The Garden almost became a last-minute home to the Grammys this year. A month after the Sept. 11 terrorist attacks in Manhattan, Grammy chief Michael Greene said he had hoped to switch the show back east as a gesture of support for the beleaguered metropolis. The logistics, though, proved too difficult, so the gala, defined by big wins for New Yorker Alicia Keys and the “O Brother, Where Art Thou?” soundtrack, stayed in the Los Angeles arena.

The shift east is not a surprise, even without the ongoing national romance with New York following the terrorist attacks.

Greene has often said the ideal approach for the show would be alternating between the music industry hubs. There were many whispers in the music industry that Greene, viewed as a controversial and controlling figure in the industry, would not take the show back to New York until former Mayor Rudolph W. Giuliani had left office. The fiery mayor took some public shots at Greene and his show in 1997 after some unkind comments the Grammy chief allegedly made to a City Hall staffer.

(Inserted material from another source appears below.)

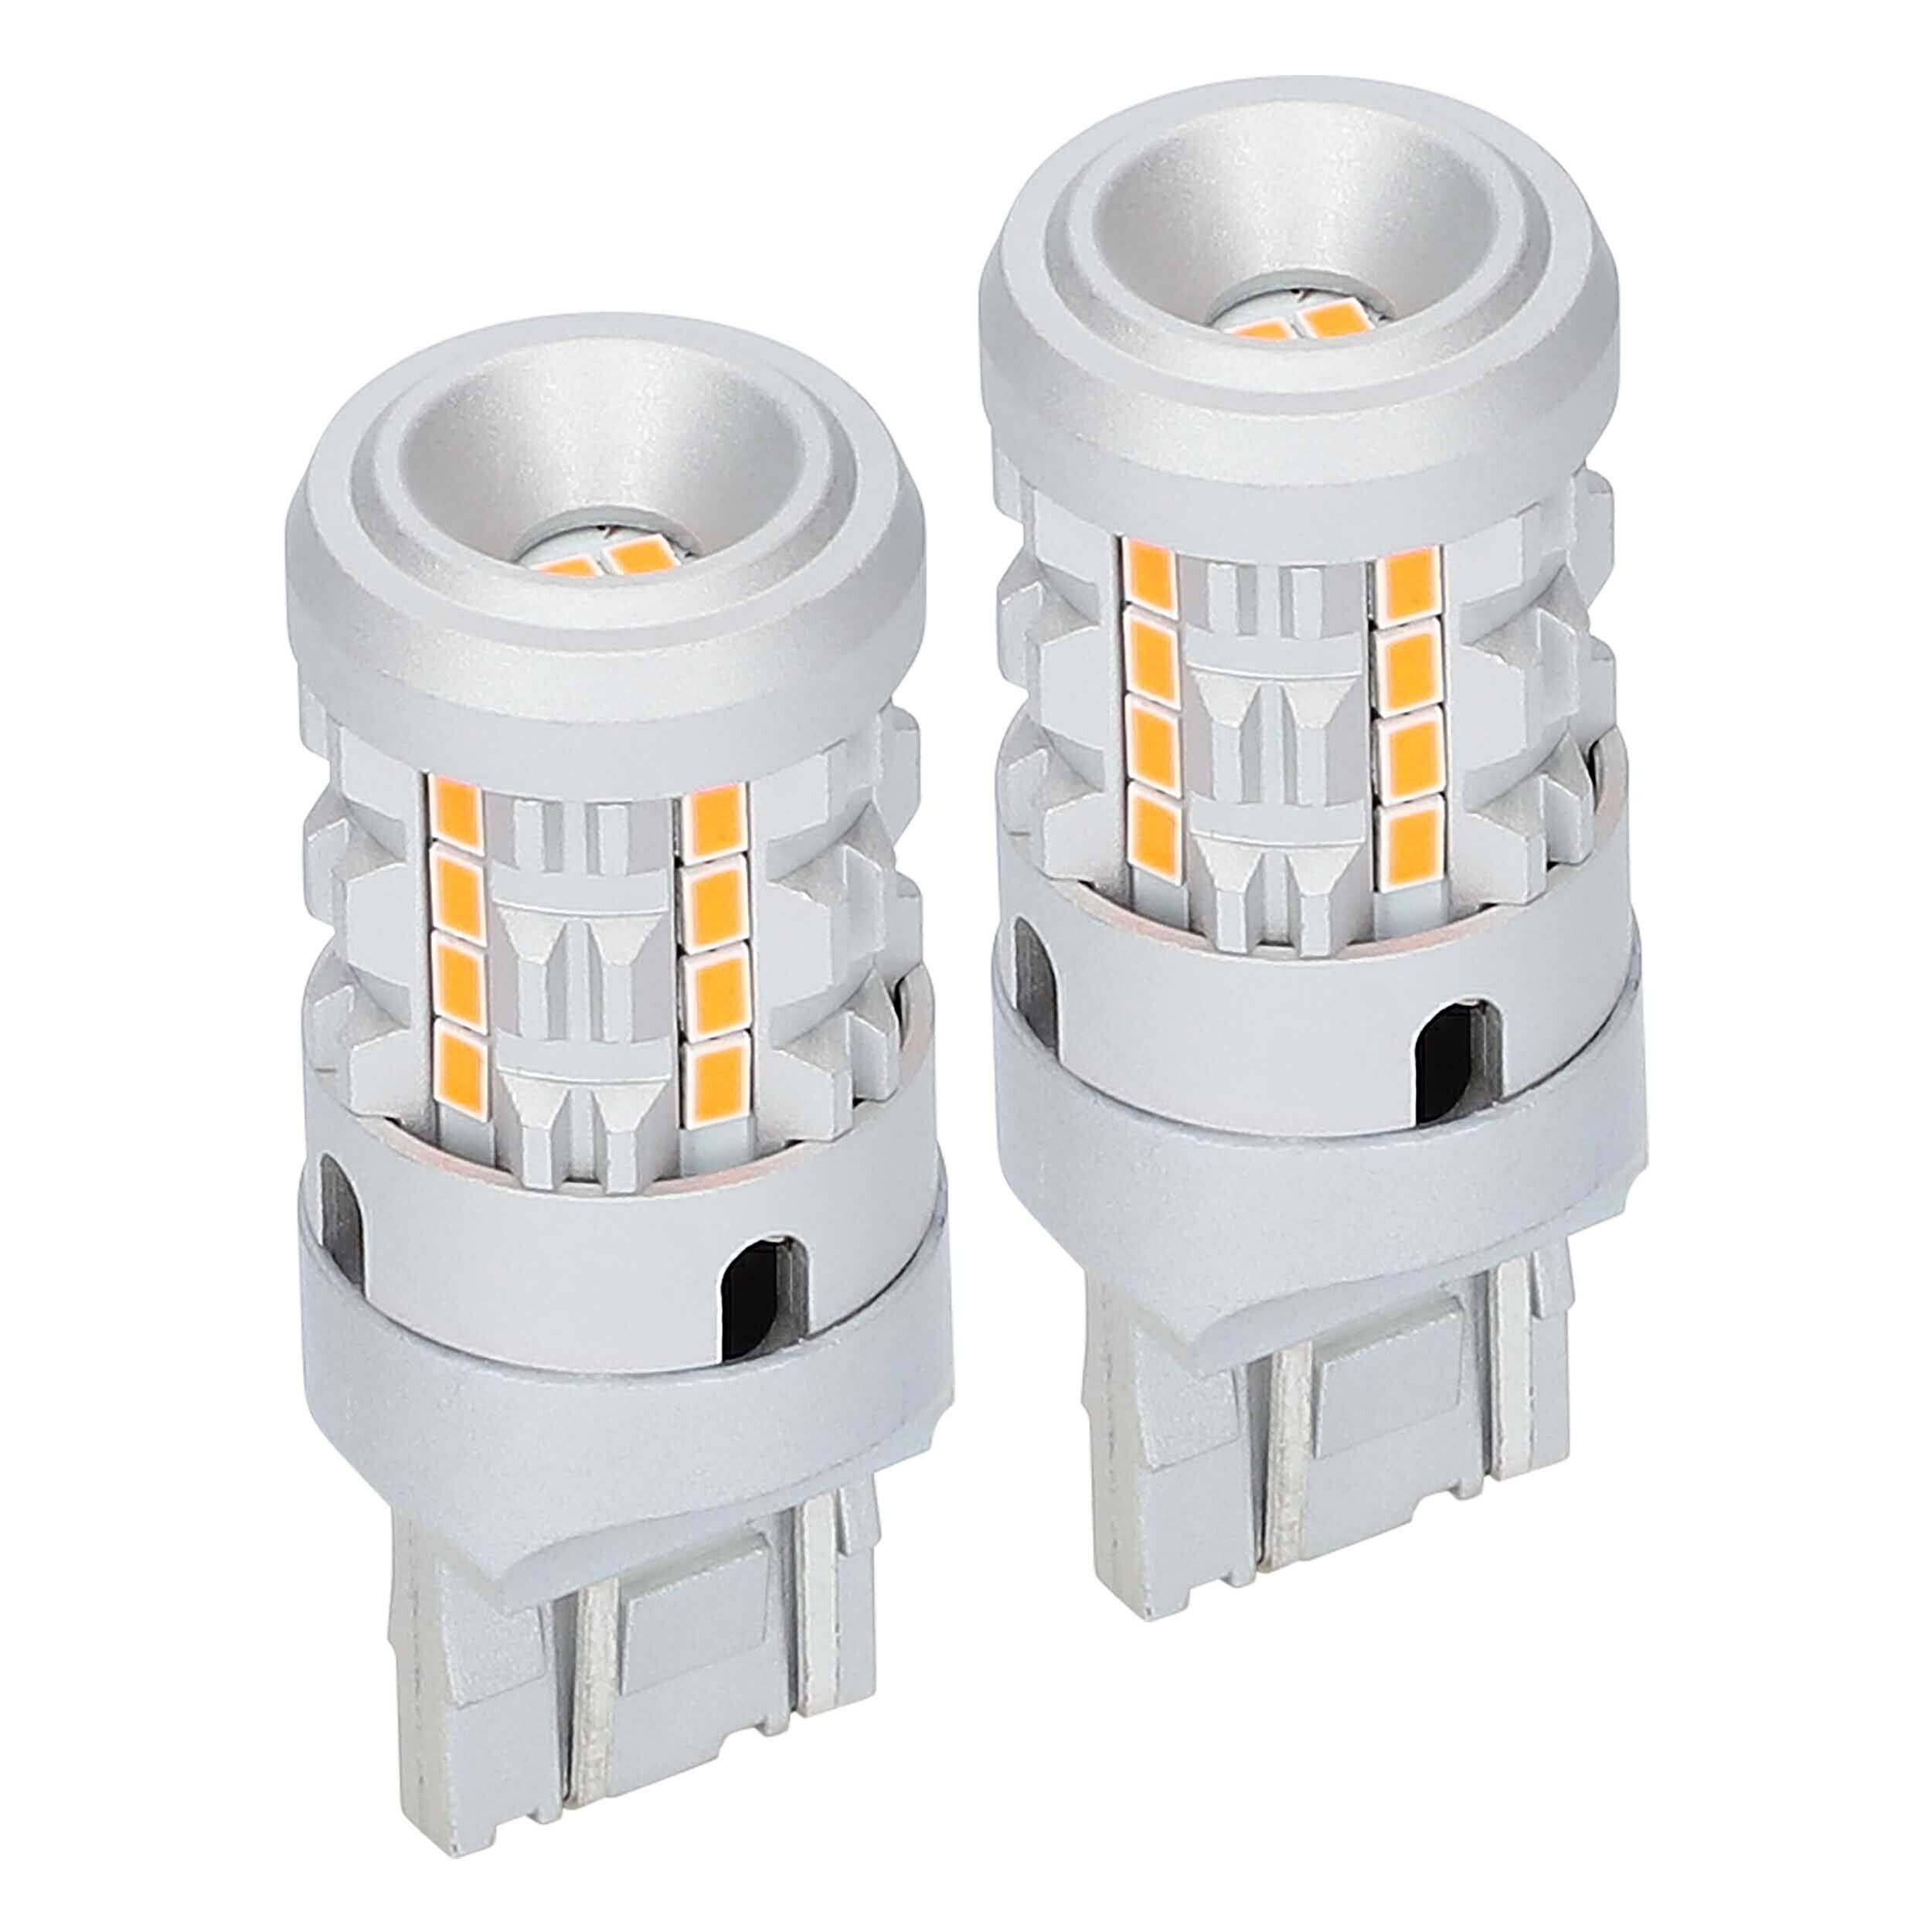 7443 Amber Bulbs with Integrated Internal CANBUS System - 2-Pack
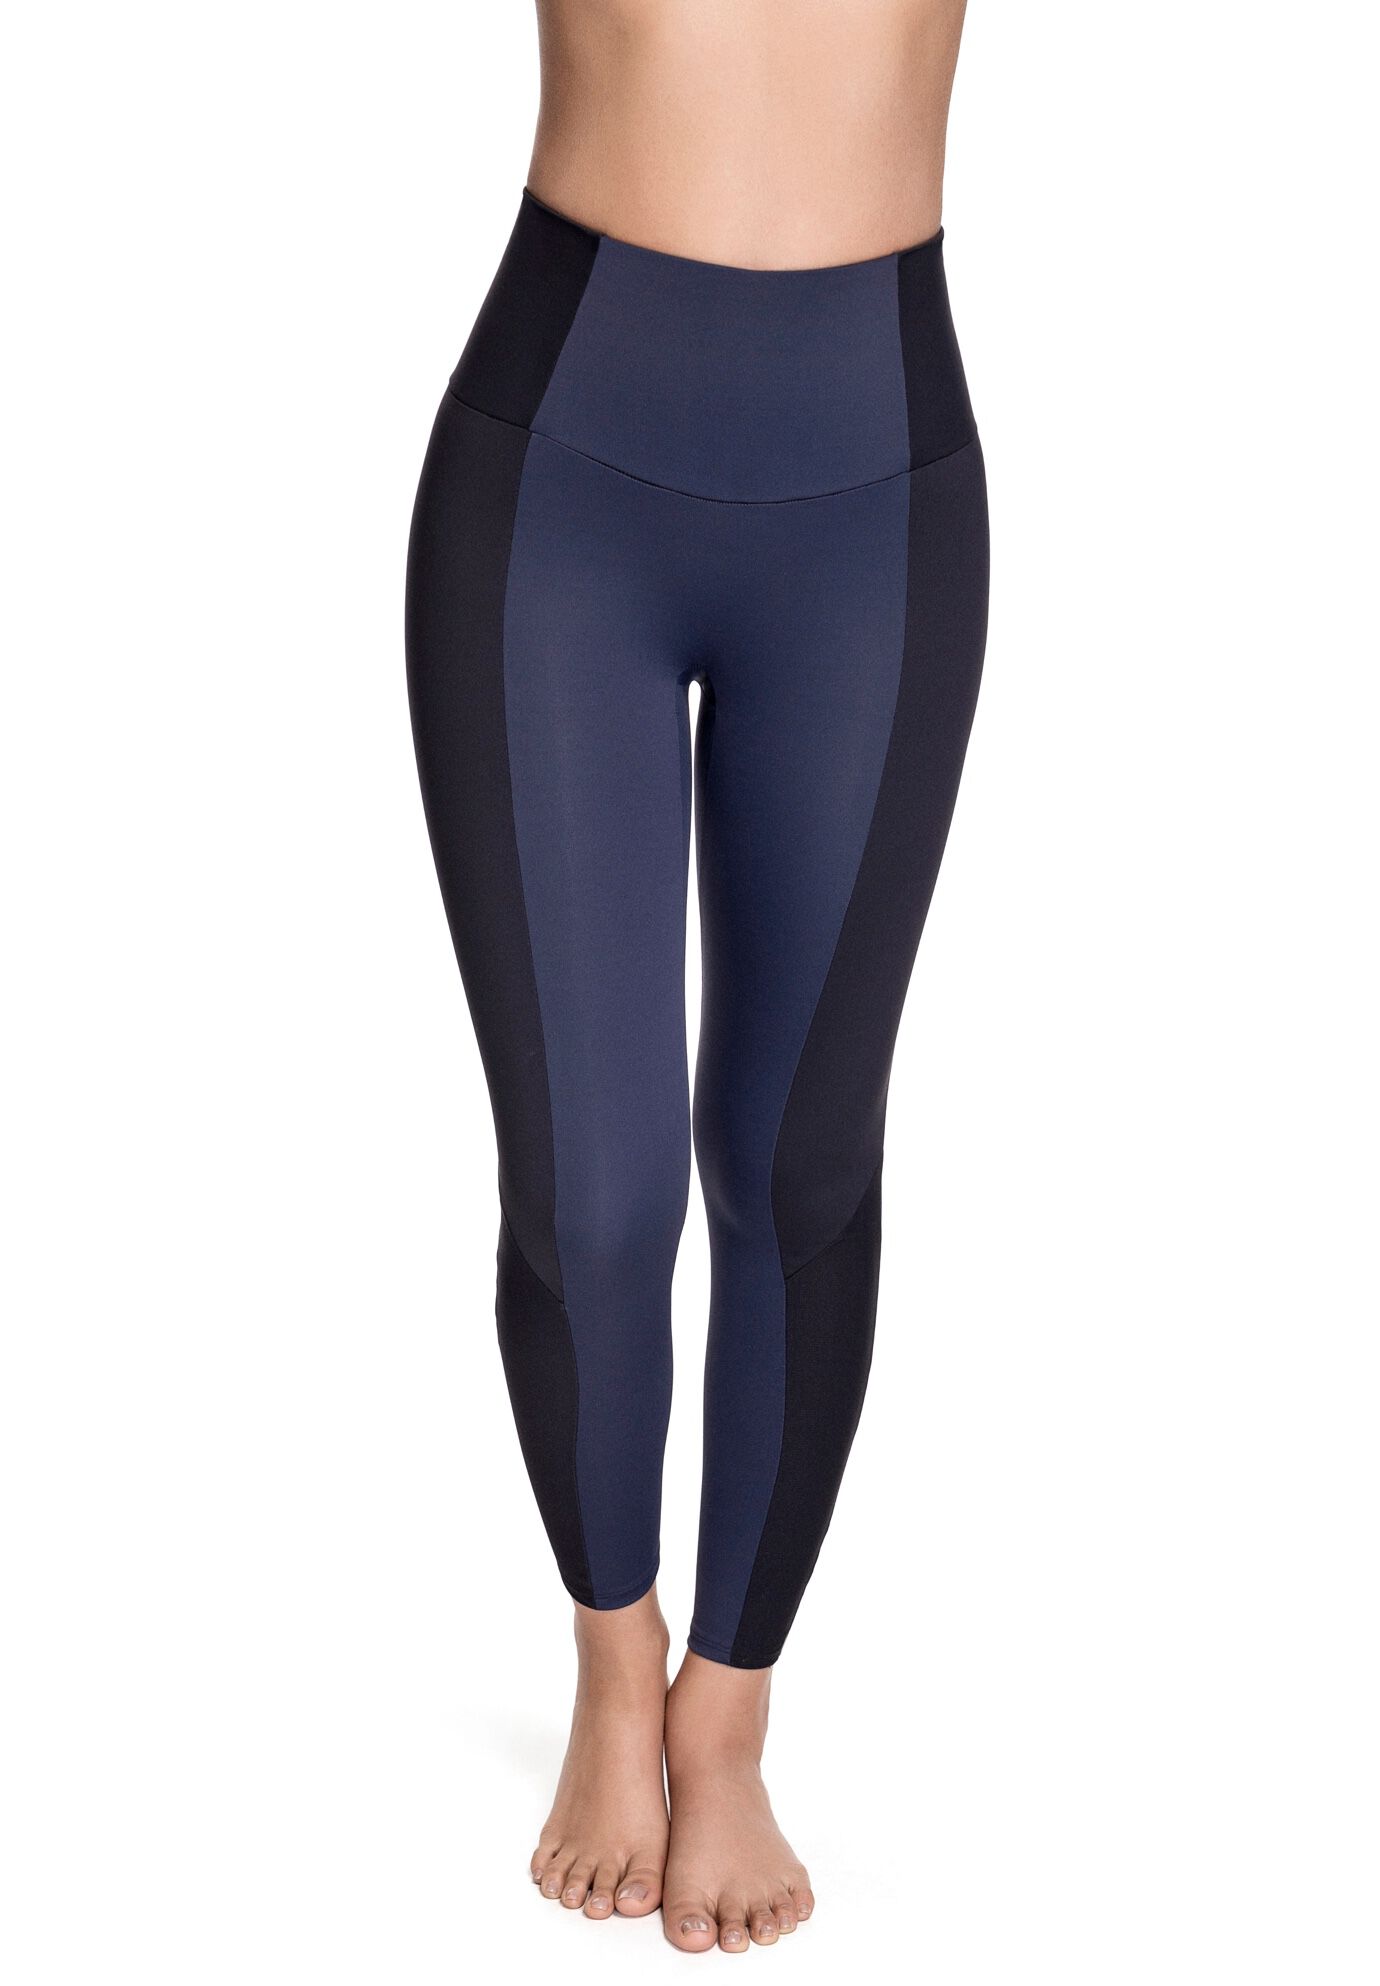 Plus Size Women's Rio Style Active Legging by Squeem in Midnight Blue Black (Size XS)

Greene has shrugged off any suggestion that the feud played a part in the show’s planning, but it will be Bloomberg, not Giuliani, standing next to Greene next week. The Grammys are more than a mere trophy for the hosting city. The show is broadcast in 161 countries and generates an estimated $20 million to $40 million for the host city. The show has also grown to include a week’s worth of parties, concerts and cultural events that extend well beyond its three-hour television broadcast.